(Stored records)
== Segment start ==

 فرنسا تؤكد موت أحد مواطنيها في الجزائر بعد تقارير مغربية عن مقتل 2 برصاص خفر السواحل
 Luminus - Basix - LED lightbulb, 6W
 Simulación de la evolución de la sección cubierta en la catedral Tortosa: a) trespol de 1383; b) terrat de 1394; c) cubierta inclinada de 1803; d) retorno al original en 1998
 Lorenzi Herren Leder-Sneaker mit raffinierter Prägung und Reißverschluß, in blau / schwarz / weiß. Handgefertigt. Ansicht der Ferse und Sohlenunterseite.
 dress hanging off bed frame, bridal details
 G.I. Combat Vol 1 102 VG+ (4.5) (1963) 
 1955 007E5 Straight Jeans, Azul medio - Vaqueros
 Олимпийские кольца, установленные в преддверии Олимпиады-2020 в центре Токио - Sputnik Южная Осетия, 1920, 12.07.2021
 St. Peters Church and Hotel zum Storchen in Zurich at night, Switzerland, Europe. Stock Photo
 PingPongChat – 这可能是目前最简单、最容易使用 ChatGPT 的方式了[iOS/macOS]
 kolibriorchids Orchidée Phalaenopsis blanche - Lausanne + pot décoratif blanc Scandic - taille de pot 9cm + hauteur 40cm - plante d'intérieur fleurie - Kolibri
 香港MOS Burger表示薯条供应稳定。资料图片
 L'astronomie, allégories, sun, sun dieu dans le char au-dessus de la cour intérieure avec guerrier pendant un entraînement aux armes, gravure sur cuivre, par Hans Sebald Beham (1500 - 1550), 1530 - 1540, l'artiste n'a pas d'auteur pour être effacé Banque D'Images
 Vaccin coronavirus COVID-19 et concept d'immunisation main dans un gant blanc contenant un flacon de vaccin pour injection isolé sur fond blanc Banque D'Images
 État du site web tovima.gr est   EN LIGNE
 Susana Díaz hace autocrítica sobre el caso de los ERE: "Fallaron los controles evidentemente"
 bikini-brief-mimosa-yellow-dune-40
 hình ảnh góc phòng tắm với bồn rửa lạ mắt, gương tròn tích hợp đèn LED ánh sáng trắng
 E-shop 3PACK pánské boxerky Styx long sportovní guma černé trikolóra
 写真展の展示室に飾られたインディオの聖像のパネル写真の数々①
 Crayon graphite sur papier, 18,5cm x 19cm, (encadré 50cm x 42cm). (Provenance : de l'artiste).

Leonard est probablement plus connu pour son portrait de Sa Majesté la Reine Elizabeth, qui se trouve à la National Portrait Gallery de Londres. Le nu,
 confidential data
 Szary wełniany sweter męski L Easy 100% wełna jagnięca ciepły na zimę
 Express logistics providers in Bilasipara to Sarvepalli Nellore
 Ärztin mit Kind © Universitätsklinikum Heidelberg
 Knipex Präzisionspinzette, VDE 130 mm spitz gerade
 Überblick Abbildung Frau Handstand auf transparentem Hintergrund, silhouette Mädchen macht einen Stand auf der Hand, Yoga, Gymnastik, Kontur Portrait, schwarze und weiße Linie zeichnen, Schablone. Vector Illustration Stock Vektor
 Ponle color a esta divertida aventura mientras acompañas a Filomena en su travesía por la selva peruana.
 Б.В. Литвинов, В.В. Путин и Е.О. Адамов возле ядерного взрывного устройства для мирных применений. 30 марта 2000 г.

== Segment end ==

Among the entries, find every line holding "blanc" and return it.

-- Answer section --
 kolibriorchids Orchidée Phalaenopsis blanche - Lausanne + pot décoratif blanc Scandic - taille de pot 9cm + hauteur 40cm - plante d'intérieur fleurie - Kolibri
 Vaccin coronavirus COVID-19 et concept d'immunisation main dans un gant blanc contenant un flacon de vaccin pour injection isolé sur fond blanc Banque D'Images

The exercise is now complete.